For Your Black History Month: Real Housewives of Civil Rights
By Sexual Correspondent Andrea (AJ) Plaid
I guess I’m not the only one who found the solemnity-yet-randomness of the Black History Month Minutes in my youth a tad ridiculous. I understood why the segments were needed and learned a lot from them–and still found my hand in front of my giggling mouth. The comic troupe Elite Delta Force 3 may have felt the same way.
This is their send-up of some of the women–and a couple of the men–who helped shape the civil rights movements in the US and South Africa as well as the foolish tropes of the Real Housewives franchise; the troupe is more directly spoofing Real Housewives of Atlanta. Check out The Real Housewives of Civil Rights (RHOCR).
Yes, that’s Wayne Brady as “The Dr. Reverend Martin Luther King.” Yes, that’s “Coretta Scott King” (Robin Thede) admitting “Malcolm X” fathered the youngest King kid. (As much as we know about Dr. King’s marital infidelities, as far as I know, all King’s children were sired by him.) Yes, that is Marilyn Monroe (Angela Yarborough), who The Root says is supposed to resemble RHOA‘s Kim Zolciak. (Black Moses Barbie: both are taking the piss out of the the near-deified images we have of critically beloved Black heroes. Like using Barbie dolls to encapsulate the story of Harriet Tubman, Elite Delta Force uses the “oh no they didn’t” frisson of placing these women and men–often seen as paragons of righteous Black folks who did their damnedest to uplift The Race in their own ways–in situations and saying things that would get their Righteous Black Folks’ Cards yanked. Viewers like me–deeply ingrained with love for what these people did that allowed me, the Altanta housewives, and Elite Delta Force to be here and be our Black female selves in 2011–can both raise our eyebrows and laugh out loud.

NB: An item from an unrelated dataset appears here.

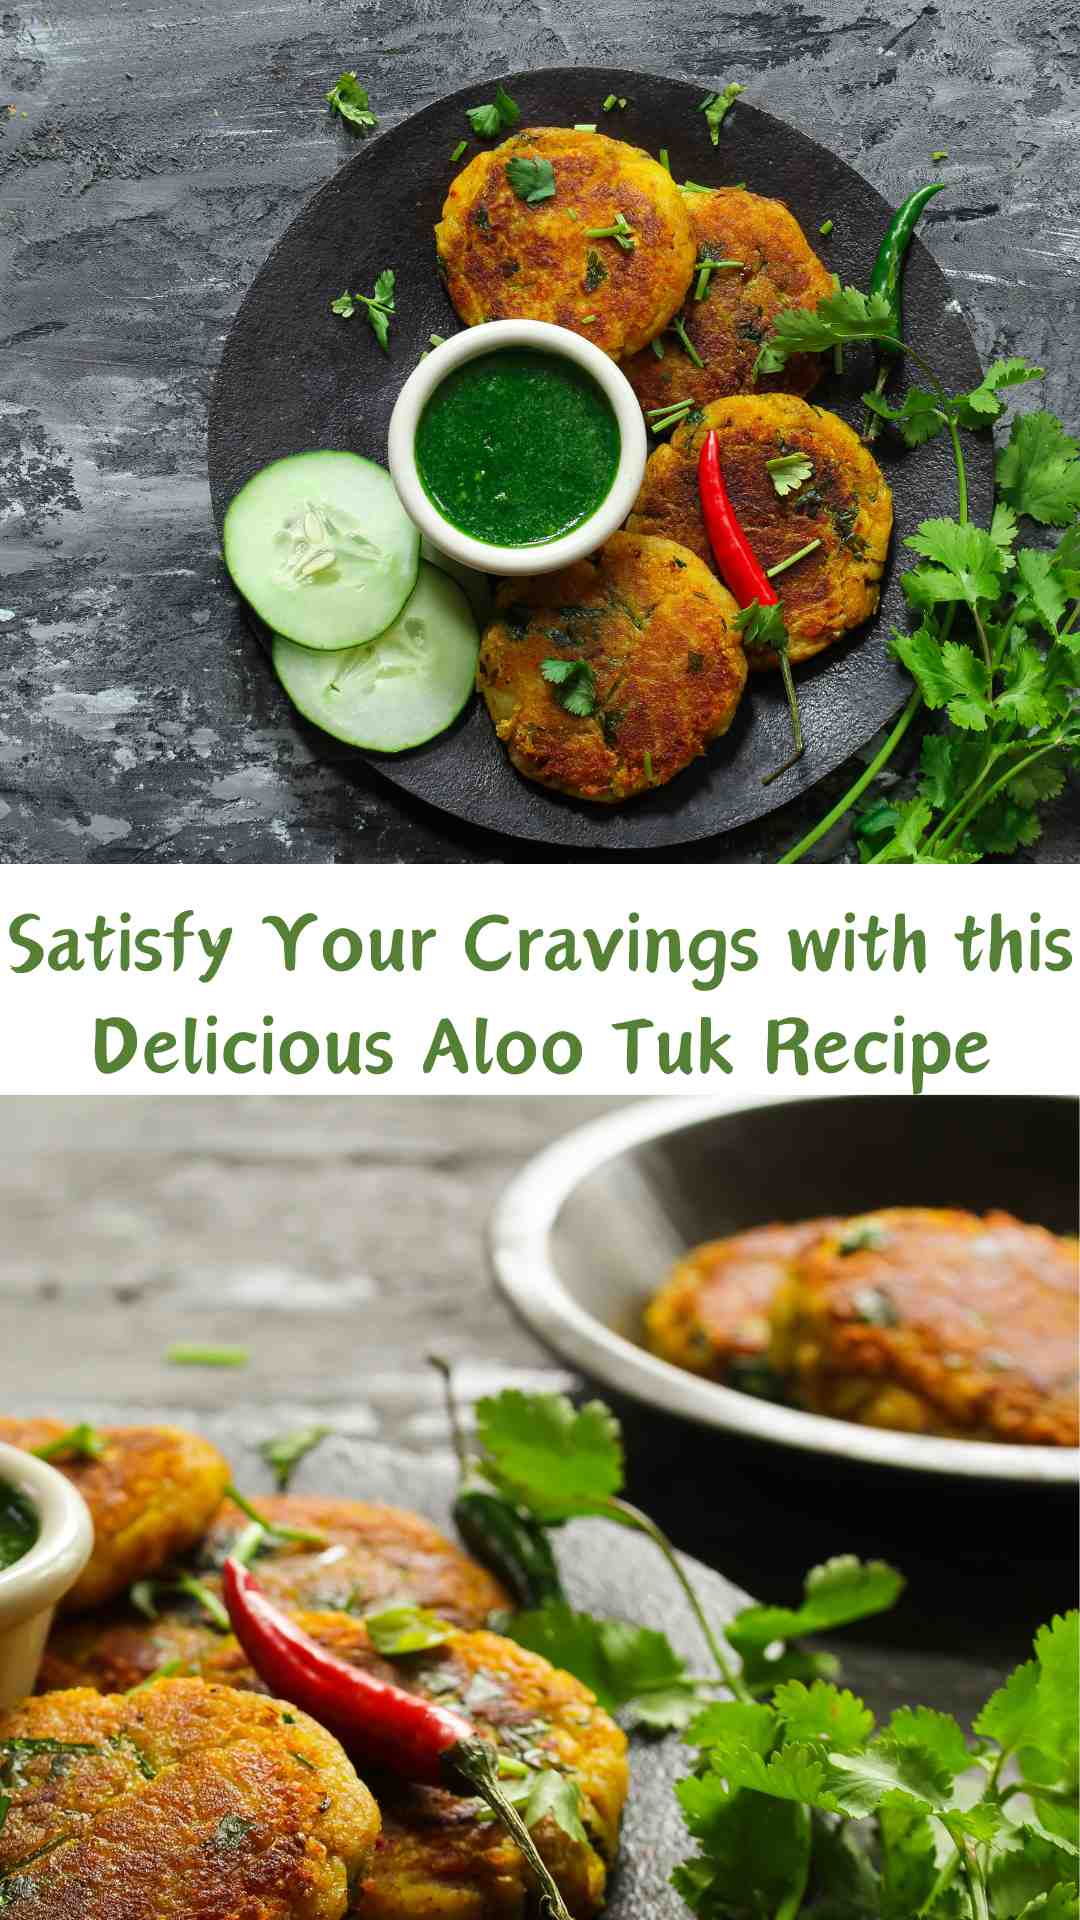 Aloo Tuk Recipe

Where the troupe goes off-point for me is with Winnie Mandela and Malcolm X. The chracterization doesn’t seem so specifically and historically based on Mandela so much as I got an affable Earth Mother Africa stereotype with a generic “African” accent and generic “African” gear. I felt the same about how El Hajj Malik El-Shabazz is portrayed: I understand that he is a man rendered inelegant due to dealing with the fallout from a tryst with his wife’s friend, but I think it would have been funnier if the actor played with Shabazz’s well-known fiery eloquence, even if he has to Denzel it.
I also know some people are feeling some kind of way about RHOCR, as witnessed in the comment section on YouTube.